Повесть о бедных влюбленных - Васко Пратолини
Шрифт:
Интервал:
Закладка:
Значит, существует и третий выход — единственный, который оказался для них доступным, — и, воспользовавшись им, банкроты остаются живы. Нужно только избрать иные тропы; до сих пор путникам было тяжело, и они в конце концов пали духом, потому что все время шли по обочине, по камням и зарослям терновника, терзаясь угрызениями совести. Каждый камень был камнем преткновения, каждый шаг — кровавой раной! А теперь человек решил пойти торной дорогой, по которой прошли миллионы таких, как он, и смотреть только вперед. Бот он и доберется до той цели, которую себе ставил, если пойдет «по правильному пути». Есть, конечно, и на этой дороге свои препятствия и преграды, но путник их одолеет, так как будет идти вместе с компаньонами, отбросив в сторону все сомнения и укоры совести, которые мешали ему, когда он шел один по обочинам!
Правда, поступив так, человек предаст сам себя, но уж зато раз и навсегда. После этого он перестанет выдумывать и воображать. Цепляясь за свои убеждения с отчаяньем утопающего, он быстро достигнет берега и незаметно для себя переменится. Он никогда и не вспомнит больше, каким он был. Не потому, что не захочет вспомнить, а потому; что действительно забудет. Он тоже по-своему «сменит шкуру» и будет верить, что сохранил свой идеал. Этот идеал кажется ему вечным и неизменным а на самом деле он превратился в нечто убогое, необременительное для слабости человеческой, столь же военное, как и сам его носитель.

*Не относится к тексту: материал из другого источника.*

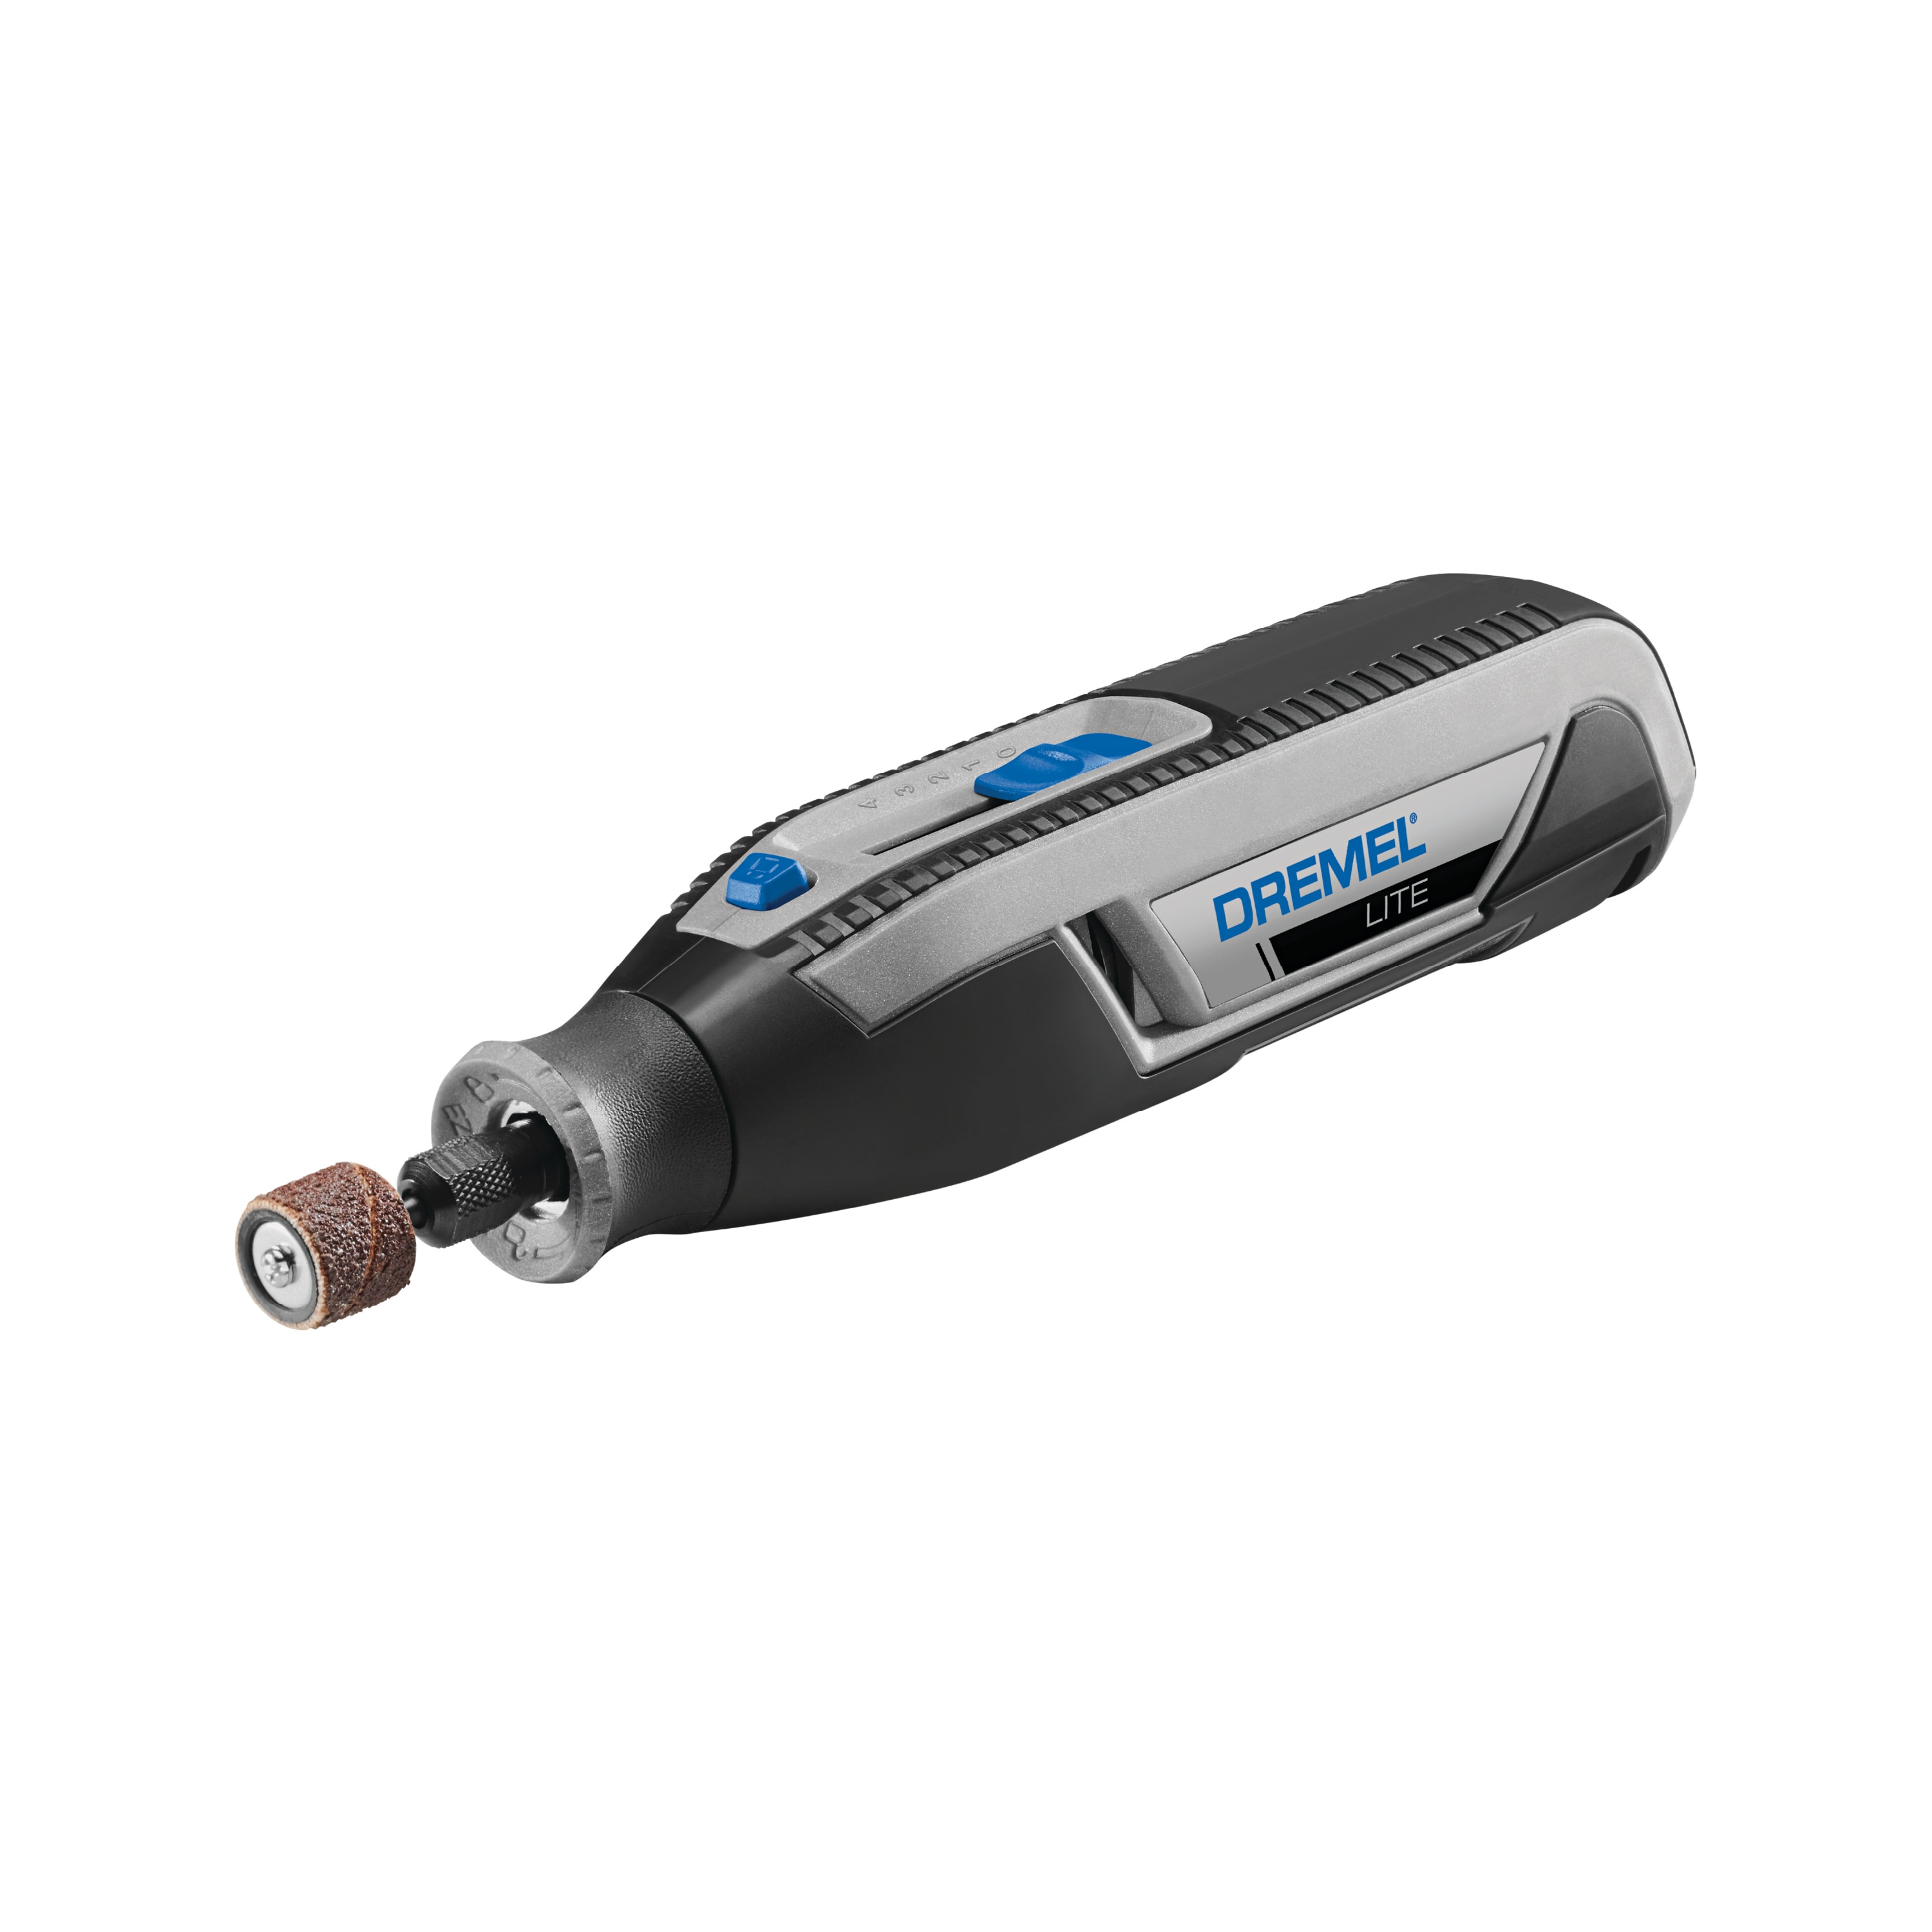 Introducing the Dremel 8240, Cordless 12-Volt Rotary Tool

Тут— то путник и обретает уверенность в том, что он достиг цели. Достичь -это самое главное. Достичь дня встречи со смертью, которую он сегодня отвергает, потому что жизнь сулит ему радости, а их стоит изведать. Простые человеческие радости, о которых мечтает каждый Мы ждем от жизни успеха в своем труде, семейного счастья и утверждения Идеи, в которую мы всегда верили и борясь за которую дошли до пределов отчаянья. Но не просите нас теперь объяснить причины былого отчаянья, ибо это нам уже непонятно. Из прошлого мы помним только то, что примиряет нас с настоящим и помогает нашему будущему. И мы искренни сейчас, отчаянно искренни. Не называйте все это подлостью: забвенье — это поддержка, которую оказывает нам жизнь для того, чтобы мы могли жить.
Итак, Освальдо не принадлежал более к миру обитателей виа дель Корно. Он изгнан оттуда не только физически, но и морально. Для нашей честной улицы достаточно и того зла, которое олицетворяют собою Нанни, Карлино, Синьора — люди, не ведающие метаний и колебаний, так сказать, отвечающие за себя и в этом смысле даже заслуживающие некоторого уважения. Виа дель Корно не терпит ублюдков, она выбрасывает их, как хозяйки выбрасывают камни, которые Отелло подсовывает в уголь. Впрочем, наша улица такая грязная, темная и вонючая, что Освальдо не имеет намерения снова поселиться здесь. Скоро состоится его свадьба с дочерью торговца из Монтале Альяна; жена принесет ему в приданое сто тысяч лир и потребует, чтоб они жили в центре и наняли прислугу. Освальдо теперь уже не сомневается в ее верности, ибо она еще раз поклялась, что больше ни разу не встречалась со своим соблазнителем. Приданое жены позволит Освальдо внести залог и основать собственную посредническую контору; он уже собирается войти в пай с одним бумажным фабрикантом, у которого сейчас «туго с деньгами».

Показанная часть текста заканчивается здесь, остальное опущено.